(Beginning of Stored data)
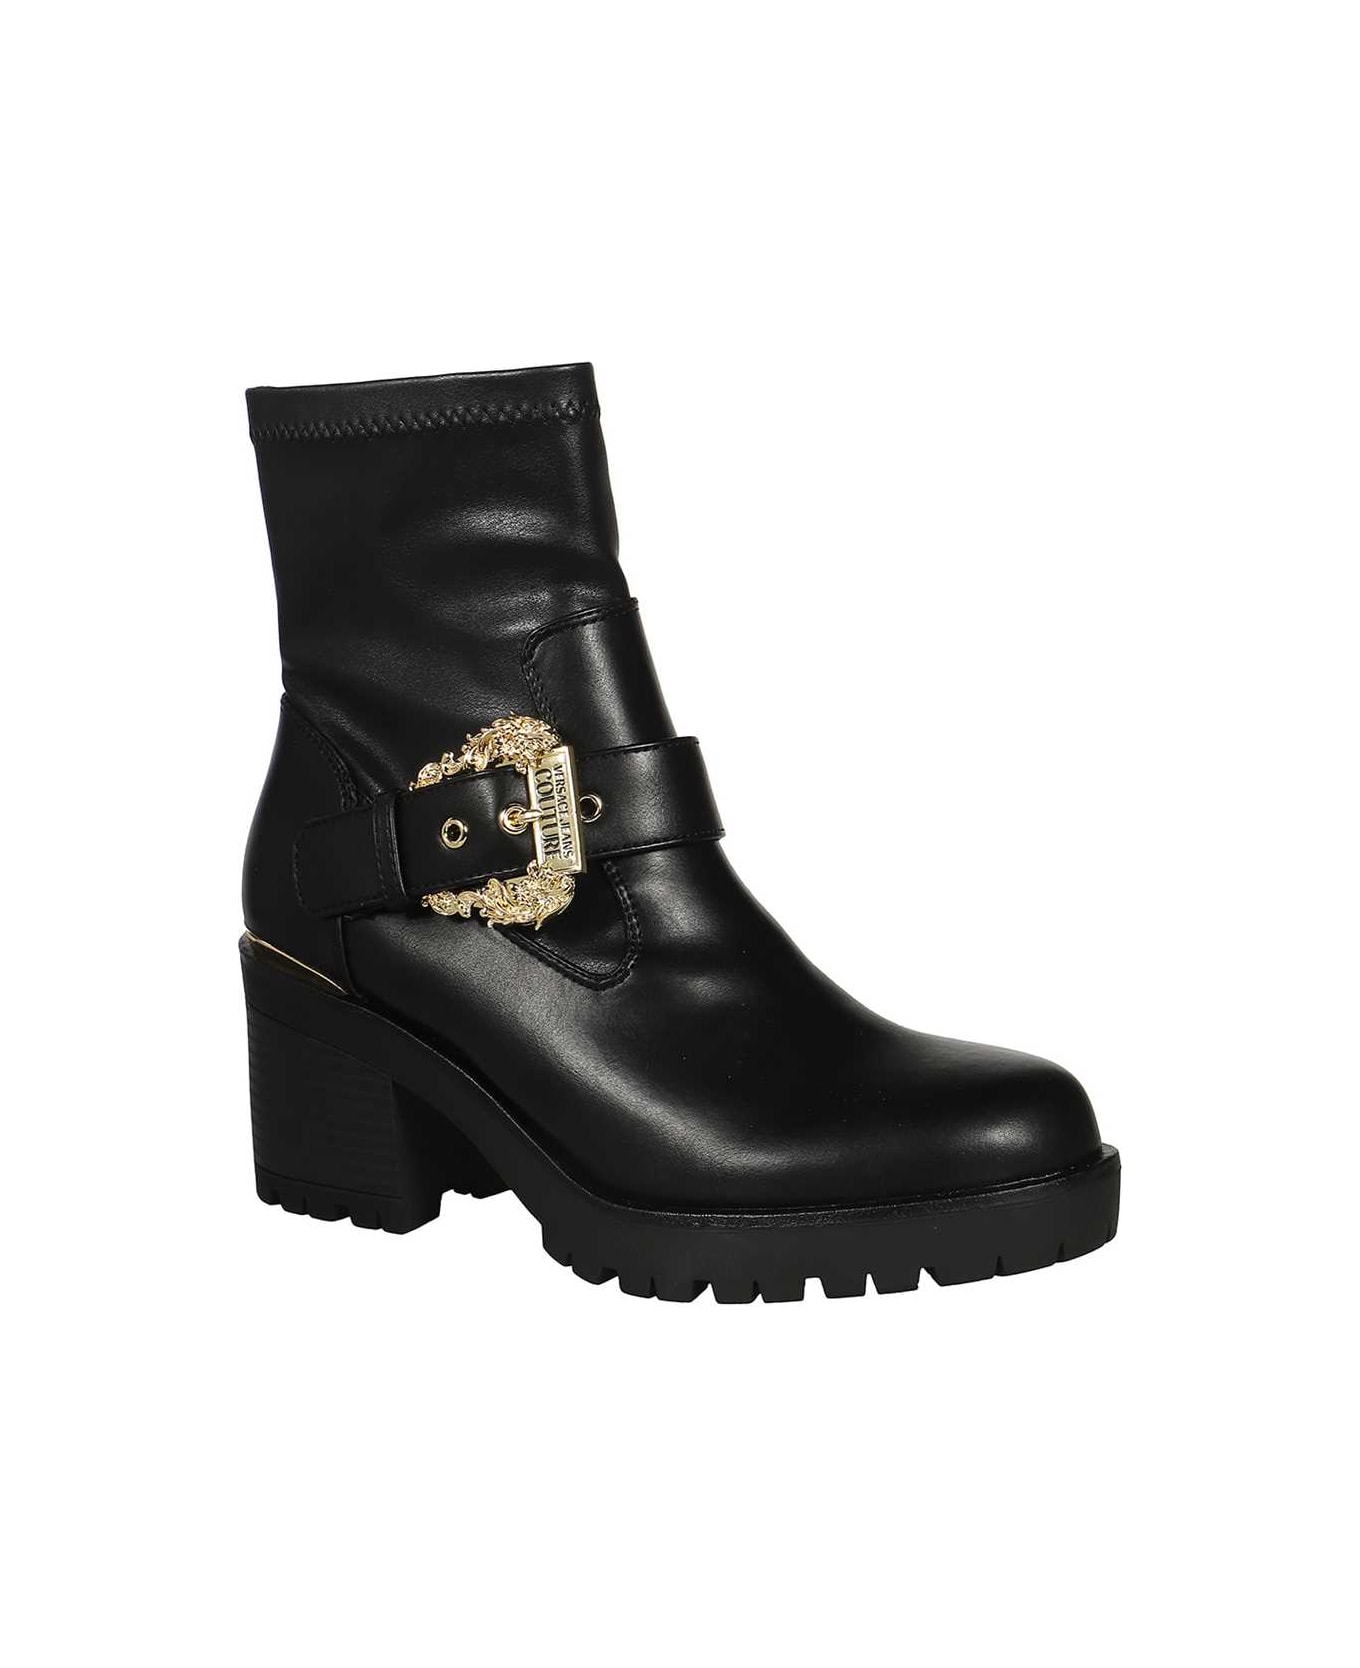 Versace Jeans Couture Wedge Ankle Boots - black ブーツ
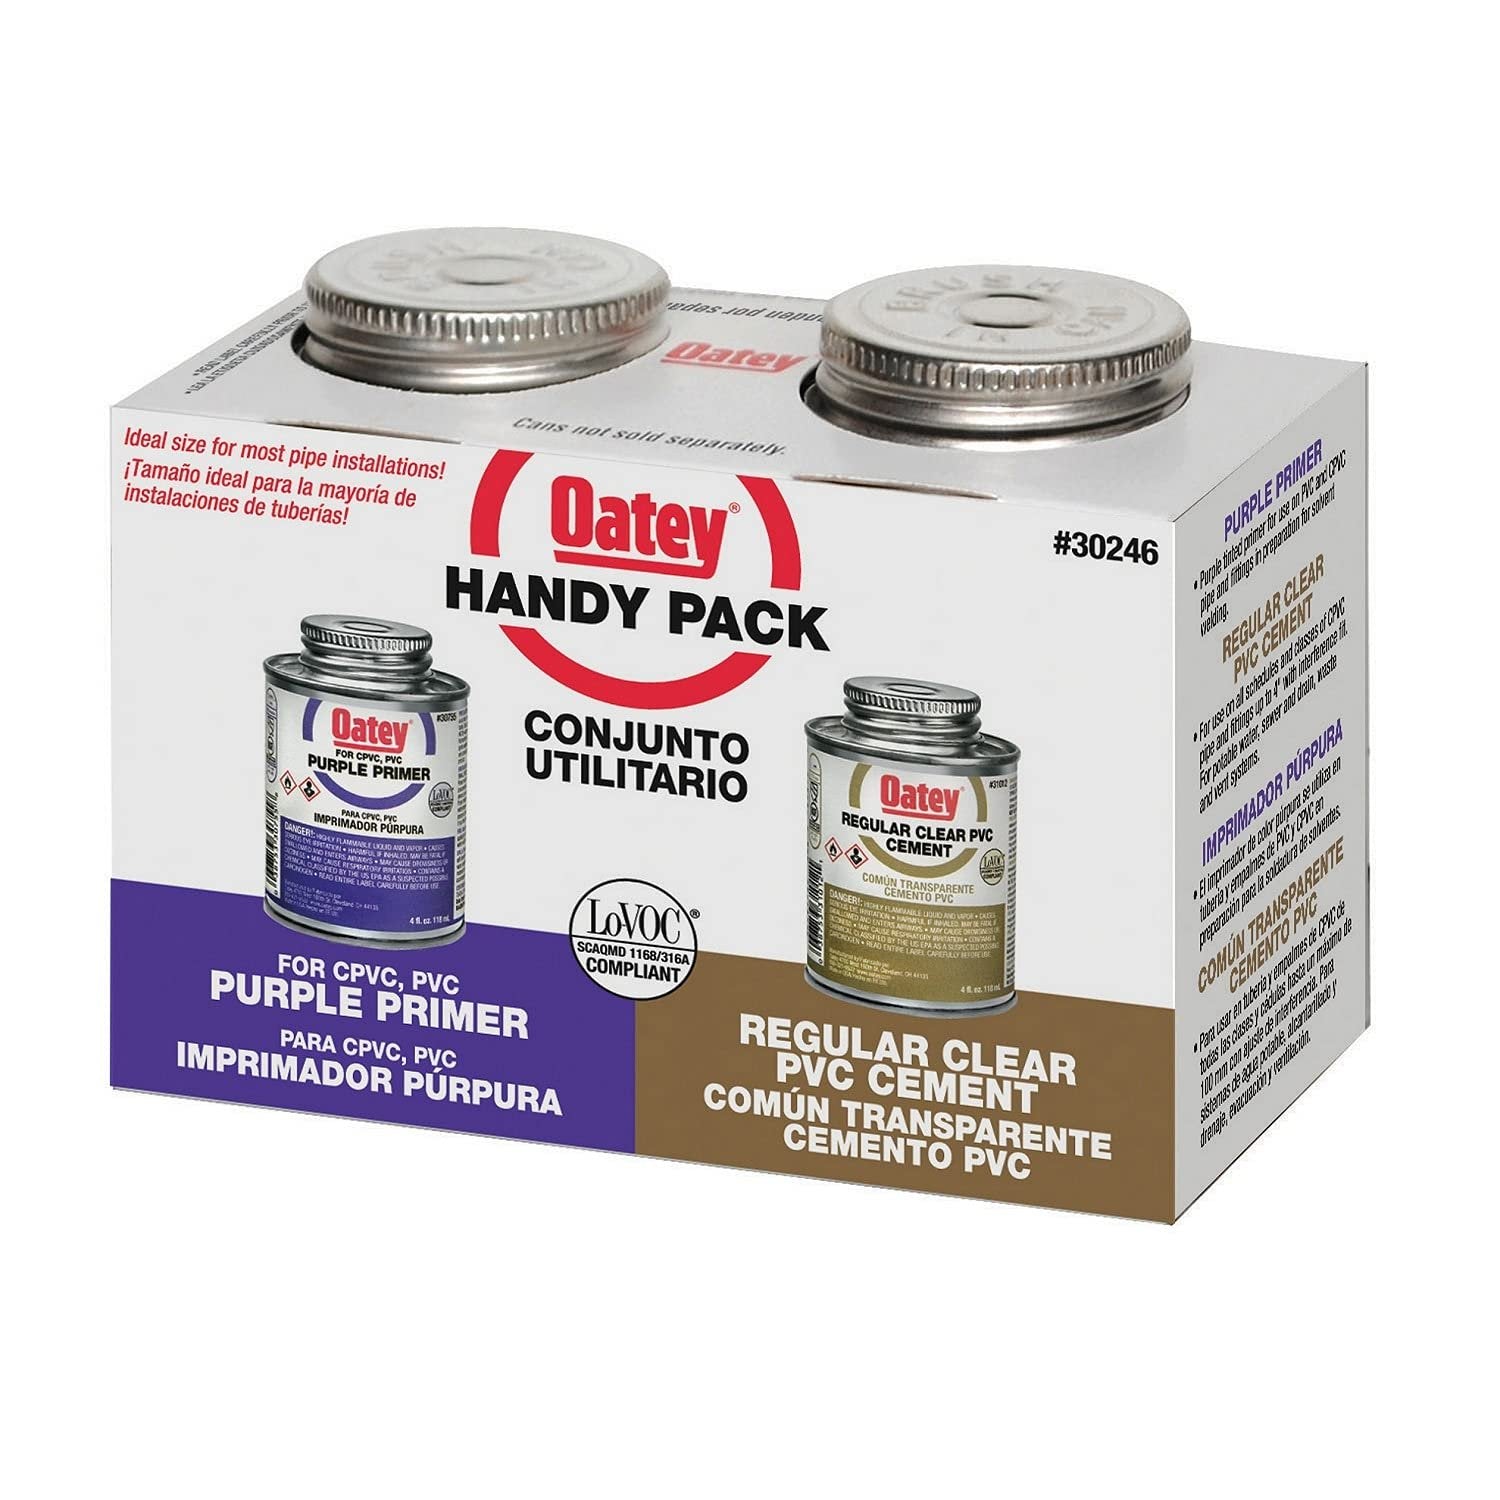 Oatey 30246 4 oz. PVC Regular Clear Cement and 4 oz. NSF Purple Primer Handy Pack
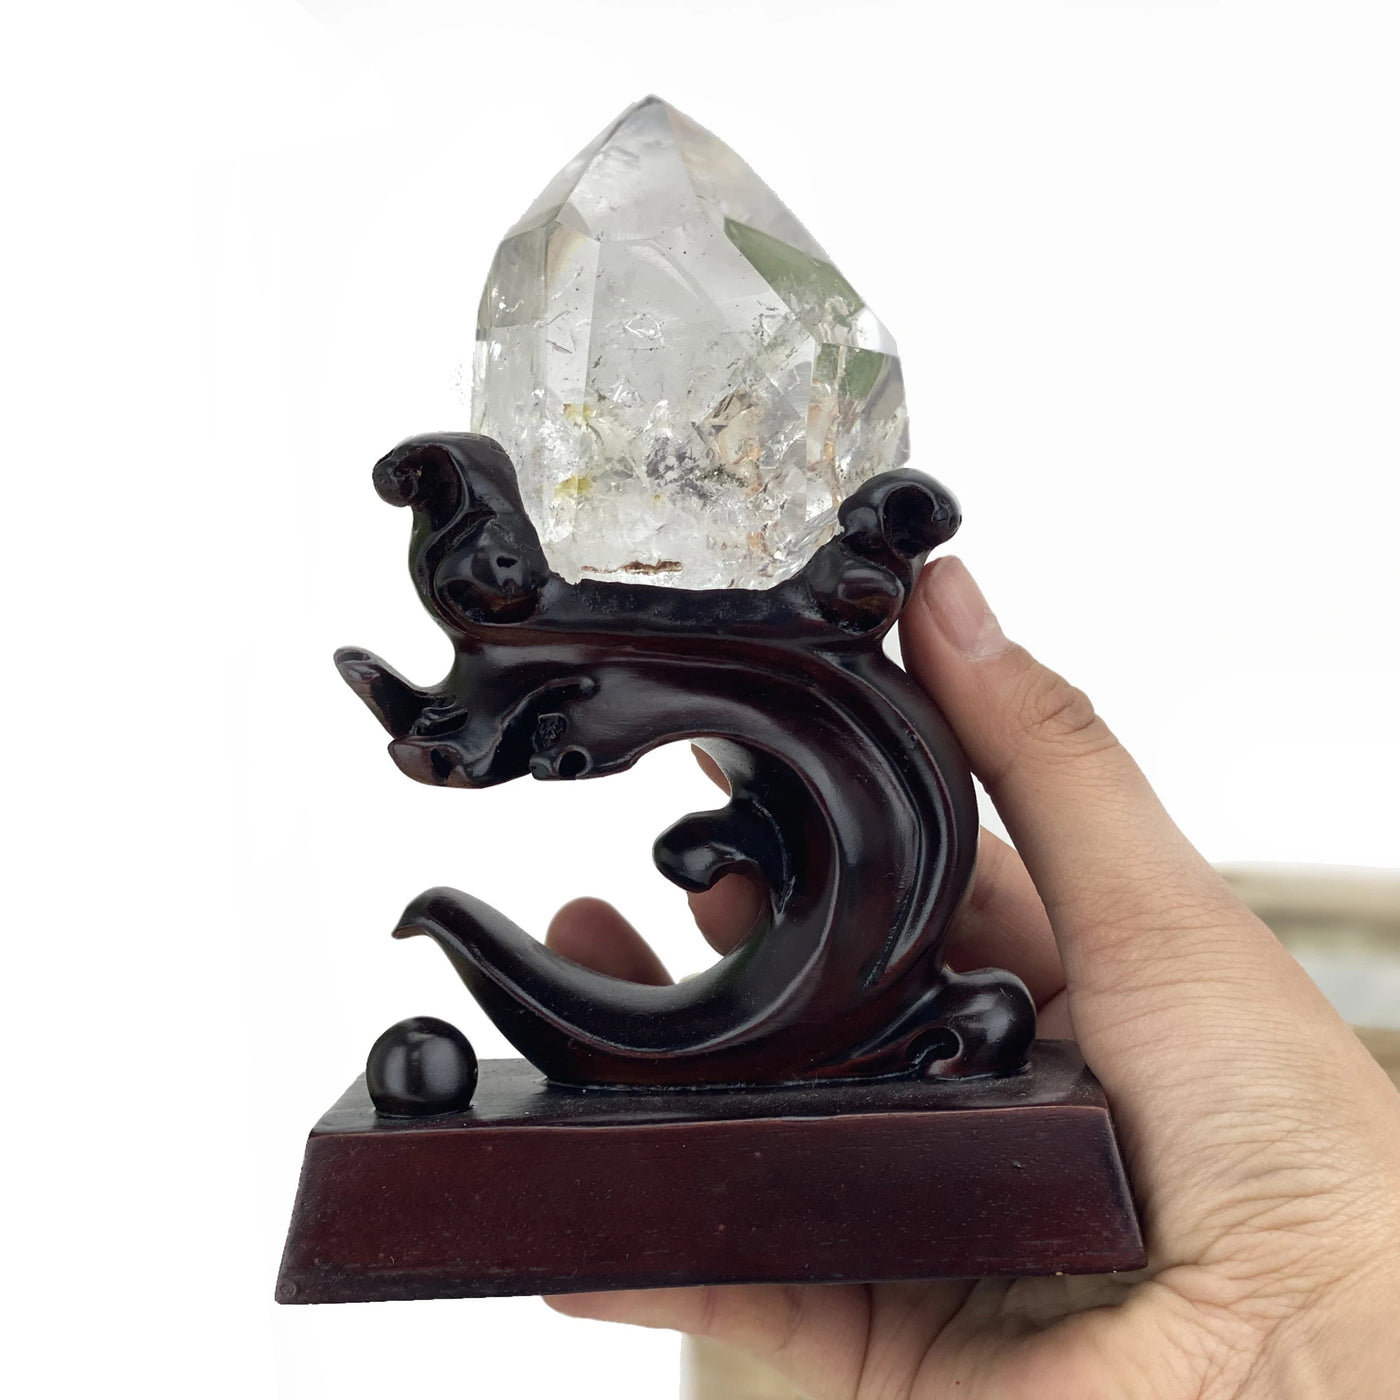 Lodolite Crystal Quartz Enhydro on Wooden Stand held in hand.
(End of Stored data)
» **The task**: Except for the pictures, return every line of the material exactly.

» **Answer to this exercise**:
 Versace Jeans Couture Wedge Ankle Boots - black ブーツ
 Oatey 30246 4 oz. PVC Regular Clear Cement and 4 oz. NSF Purple Primer Handy Pack
 Lodolite Crystal Quartz Enhydro on Wooden Stand held in hand.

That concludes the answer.